Clean by Amy Reed

Clean by Amy Reed

Author:Amy Reed
Language: eng
Format: epub, pdf
Publisher: Simon Pulse


DRUG & ALCOHOL HISTORY QUESTIONNAIRE

QUESTION #4:

Have you ever tried to stop or cut down on your own? What happened?

I made a schedule. I planned how many pills I would take each day. But I could never follow it for long. I always needed more.

I’ve never tried to quit. Why would I want to quit?

I told myself I wouldn’t drink until the weekend.

I said I’d take a break for a month.

I said I’d take a break for a week.

I said I’d take a break for two days.

I promised myself I wouldn’t get wasted.

I’d only have a couple drinks.

I wouldn’t lose control.

I woke up every morning and promised myself I wouldn’t smoke that day.

I didn’t want to quit. I just wanted to stop for a couple weeks so I could get my tolerance back.

I just wanted it to be like it was at the beginning.

What are you supposed to do when you forget what normal feels like?

Somehow those drinks always made it into my hand and into my mouth.

Somehow they kept coming and coming and there was nothing I could do about it.

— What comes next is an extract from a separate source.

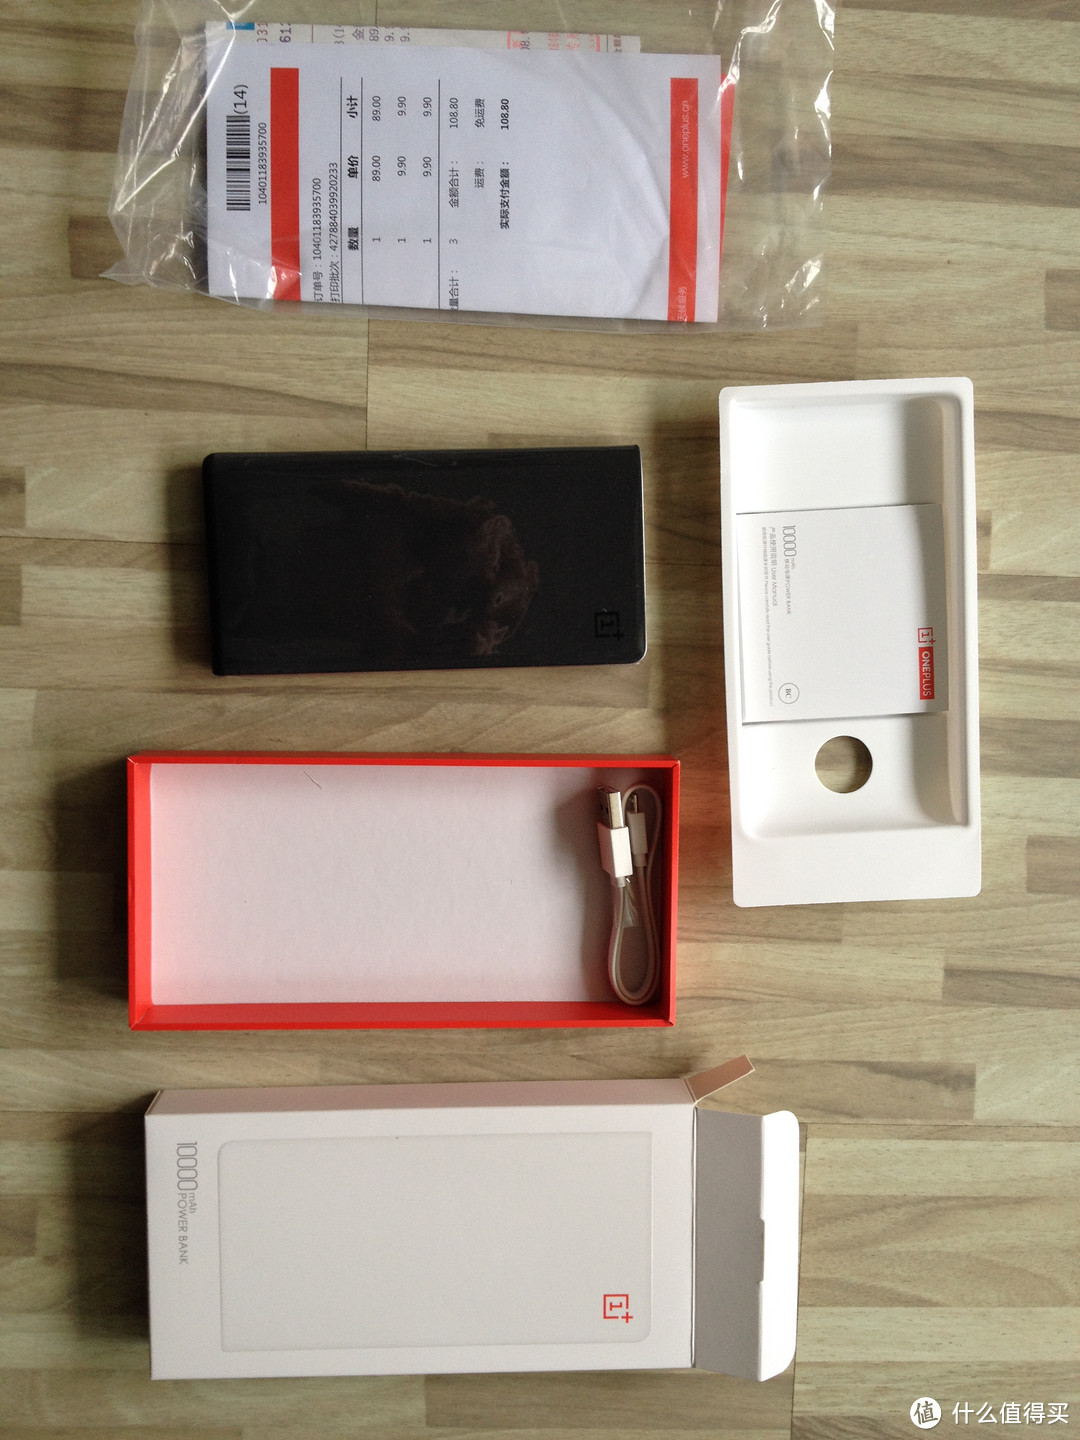 砂岩黑版 OnePlus 一加来电 移动电源

I promised God this time would be the last time.

Imagine wanting something you hate.

God, what’s wrong with me?

I was able to quit for two weeks once, but it felt like torture.

It felt like I was holding my breath the whole time.

My hands were shaking.

I couldn’t sleep.

I couldn’t eat.

This isn’t normal.

This isn’t the way normal people live.

I tried to switch to beer. I thought it couldn’t get me into trouble. But I kept drinking until it did. I kept drinking until I didn’t care about the promise I’d made, and it wasn’t long until I was back to everything else, and it was even worse than before.

Normal people don’t need to get high every day.

Normal people can go a week without drinking.

Normal people can keep promises they make to themselves.

Imagine an obsession so strong you can’t think

about anything else.

Imagine starvation.

Now imagine something worse.

I can’t remember what it feels like to not need to drink.

I don’t know how many times I tried to control it. I told myself only on weekends, only at night, only at parties, never alone, never at school, never while babysitting, never while driving. I’d be able to do it for a while, but things would always fall apart.

I couldn’t do anything but sleep and eat.

You get to a certain point and it’s not you making the decisions anymore.

You get to a certain point and there’s no turning back.

I needed it to feel normal.

I had no choice.

I wanted to die.

I tried, but I just needed to make the pain stop.

It was the only thing that I knew would make the pain stop.

I always meant it. Every single time. I always planned to keep those promises.

You can only fail so many times.

I thought one beer couldn’t hurt. But that one beer turned to three, then five, then eight, then it was back to the coke, then I don’t remember.

I am not normal.

I will never be normal.

It’s like I’m possessed, like there’s this demon inside me and as soon as it gets a taste of what it wants, it takes over.